The main issue with U.S. Pat. No. 6,817,791, however, is the overhead of prefixing resource headers to each page. This overhead would result in suboptimal performance of the textual processing approach that uses page-parallelism. The alternative chunk-approach would result in either suboptimal load balancing (if the chunks are too large), to large header overhead (if the chunks are too small), and the need of inventing complex schemes to estimate the optimal chunk-size according to page-complexity, job-size, resources in the system, current system load, and other factors.
In view of foregoing, it would be desirable to provide a method and apparatus that would:

- 1. Avoid accumulated header overhead,
- 2. Use page-parallelism, thus avoiding the aforementioned chunk-size estimation complexities,
- 3. Achieve an efficient range-printing, and
- 4. Achieve a reliable page-reversal.
  The subject invention overcomes the problems specified above, as well as others.

SUMMARY OF THE INVENTION

The invention provides a method and apparatus for efficient processing of a PDL data stream (job) lacking page independence. The system efficiently organizes a job into pages, data and resources. The organized job has the following benefits:

- 1. The organized job provides a high-level structure of the original job. This structure is instrumental for job analyses, reporting, preflight, imposition decision, and other processing.
- 2. The organized job can be submitted to multiple PDL processors for efficient page-parallel processing.
- 3. Selective pages or page ranges can be efficiently printed.
- 4. Pages can be efficiently rearranged for achieving page-reversed printing and other sequences.
  The organized job has the following properties:
- 1. The organized job does not rearrange data and resources of the original job.
- 2. The organized job can be efficiently packaged using multiple formats to satisfy workflow, storage, performance, and other needs.
- 3. The most efficient packaging can be achieved by representing an organized job as a separate external structure, similar to a directory that points to the segments of the original PostScript job using pointers or offsets, thus preserving the original job and avoiding overhead of writing a modified job.
  In case of PostScript jobs, the invention uses DSC processing and textual parsing.
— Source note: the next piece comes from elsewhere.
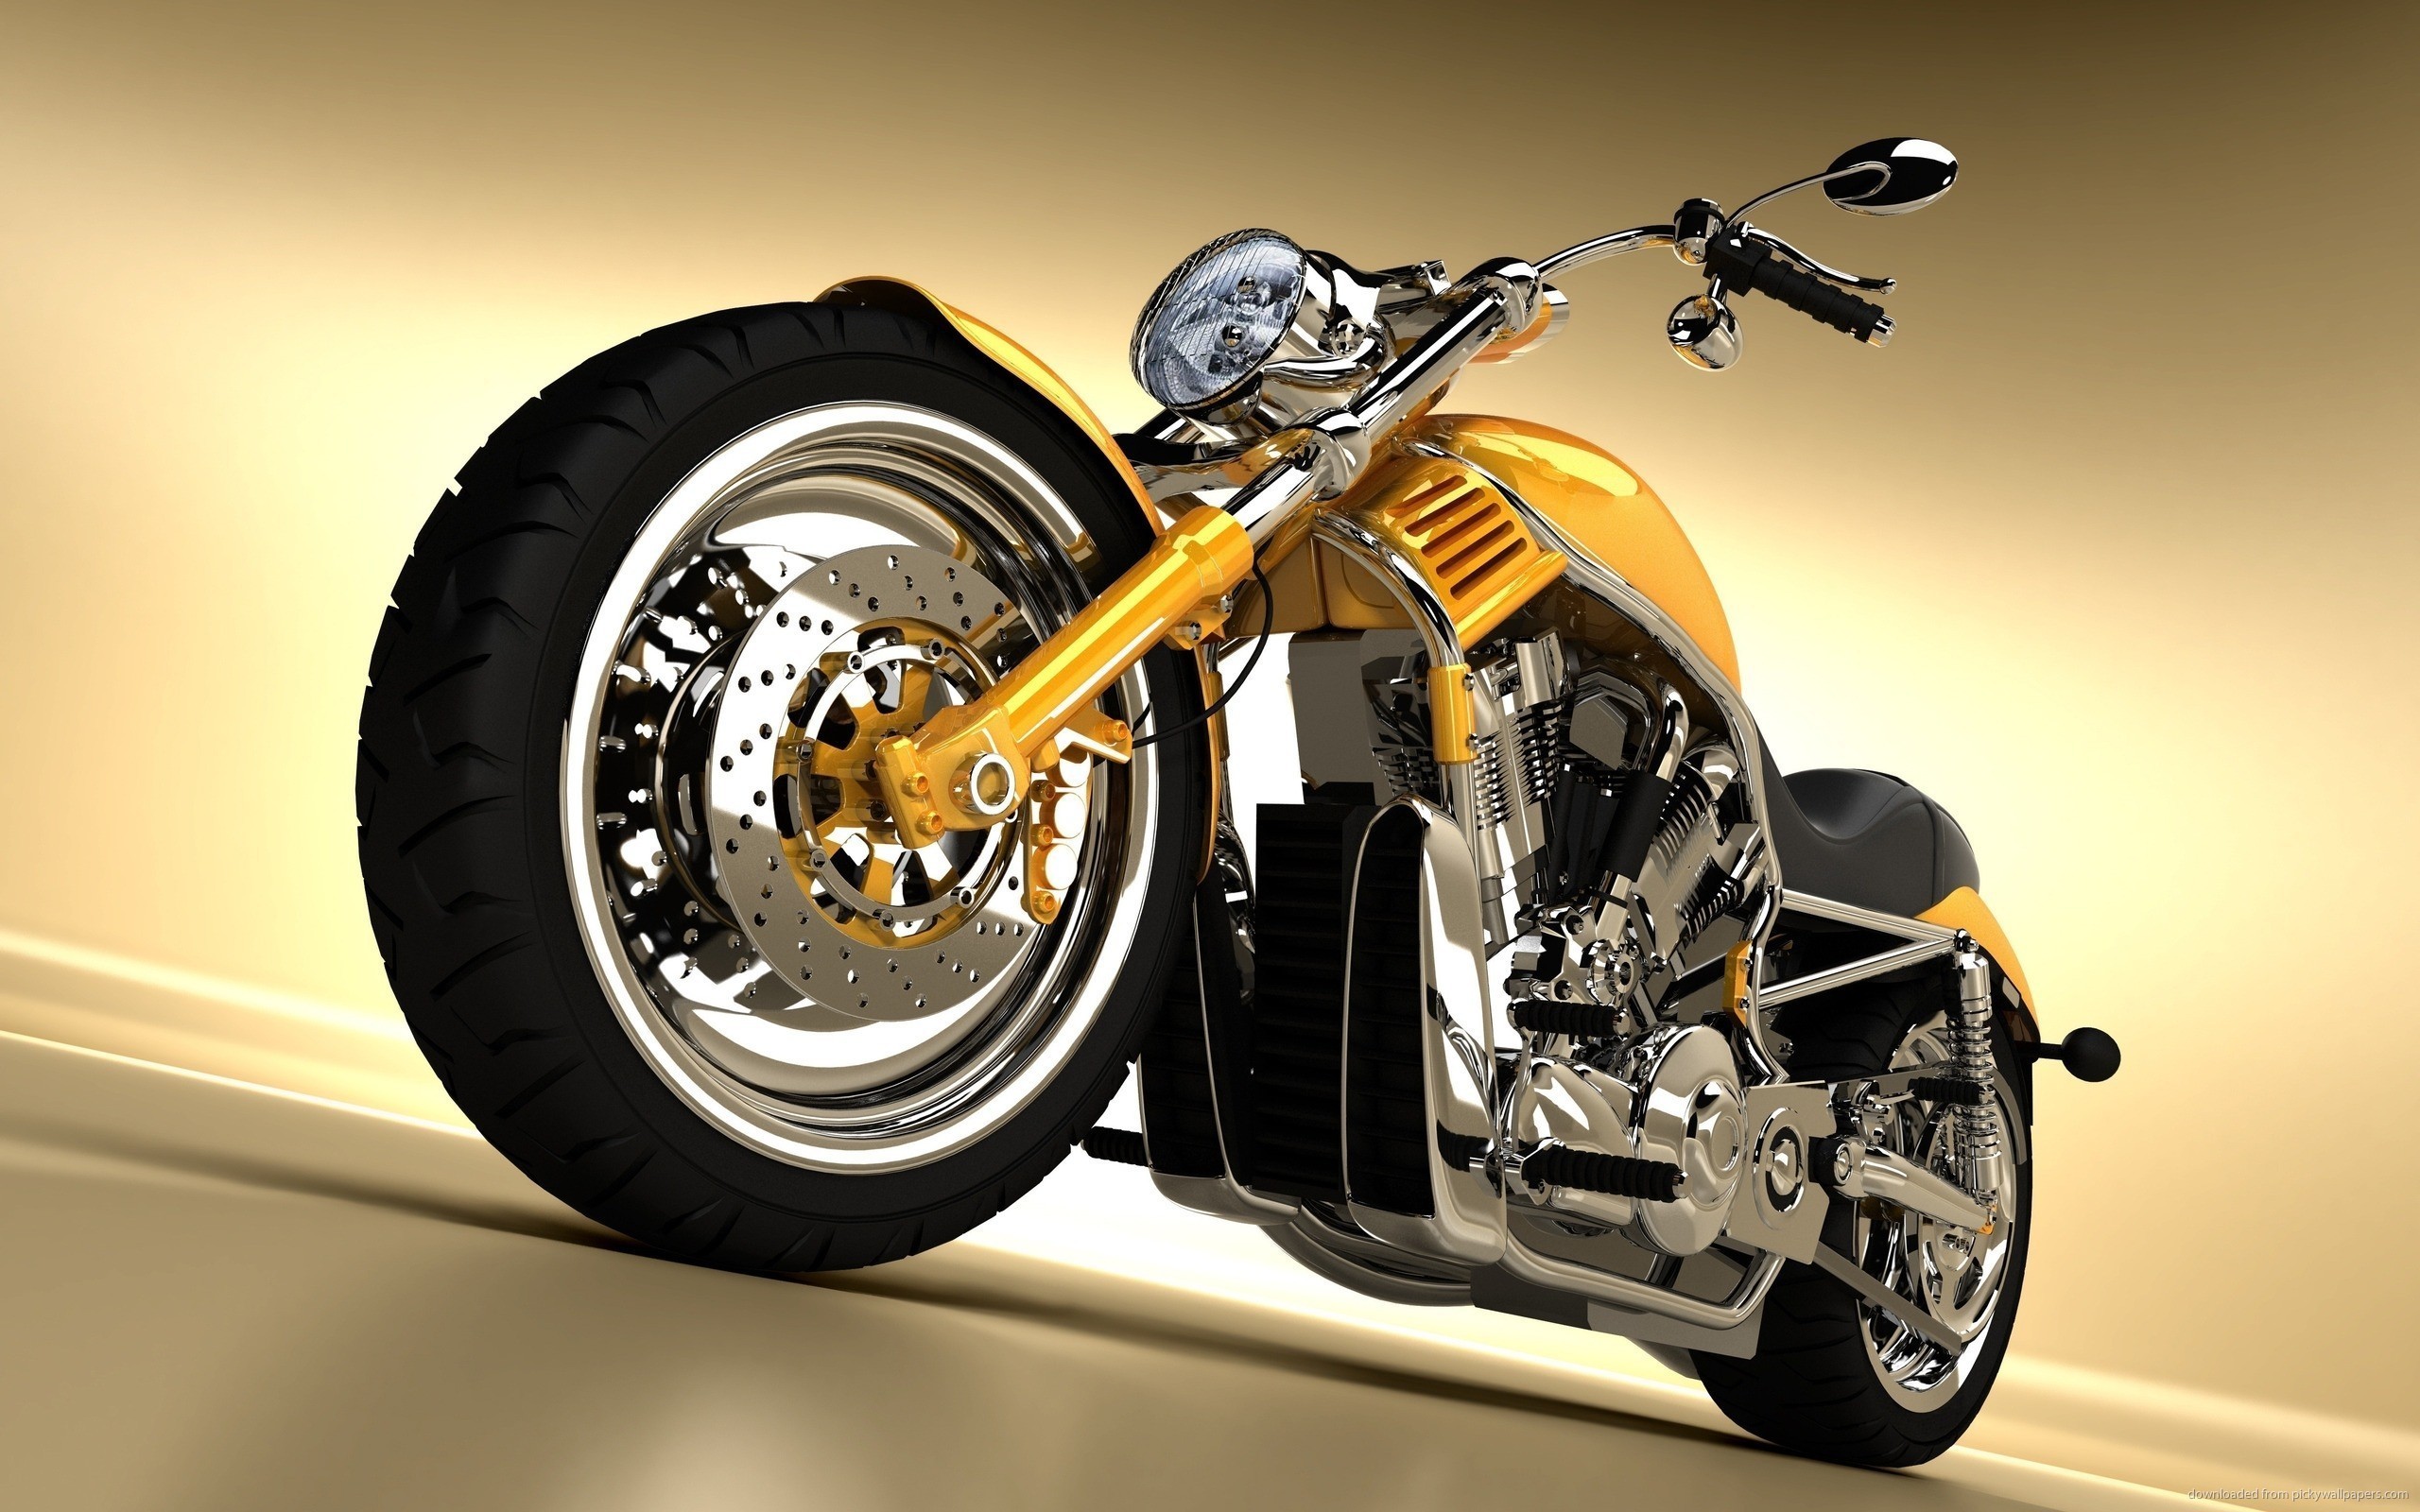 2560x1600 Harley Davidson Chopper Wallpaper Free for Desktop Background .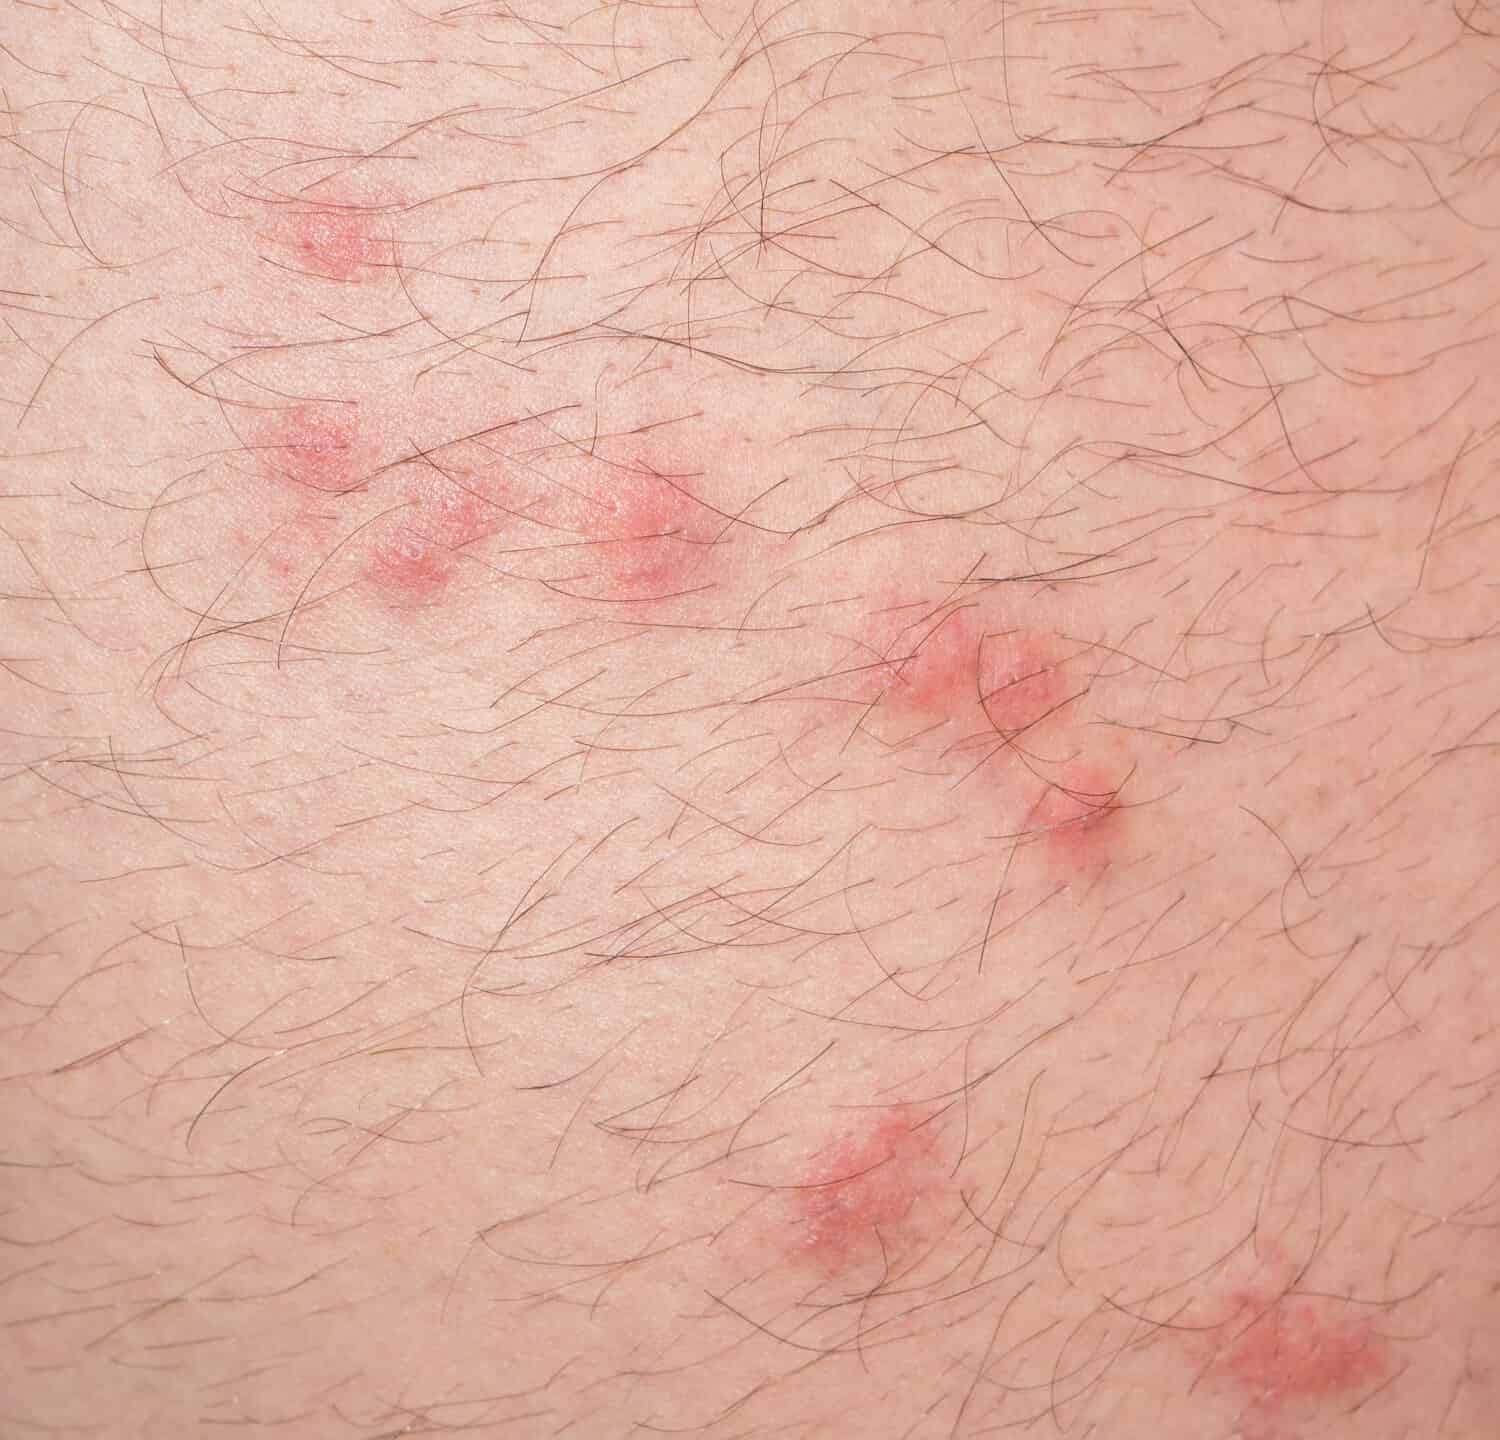 close up view of flea bites over caucasian man leg skin

BRIEF DESCRIPTION OF THE DRAWINGS

FIG. 1 is a schematic illustrating parallel processing of pages using null-device.

FIG. 2 is a schematic illustrating two-stage pipelined parallel processing of pages using null-device.

FIG. 3 is a schematic illustrating display-list based centralized interpretation.

FIG. 4 is a schematic illustrating a PDF approach for page parallelism.

FIG. 5 is a schematic illustrating job parallel approach.

FIG. 6 is a schematic illustrating general processing diagram.

FIG. 7 is a schematic illustrating splitting resources to resource storage.

FIG. 8 is a schematic illustrating organizer components.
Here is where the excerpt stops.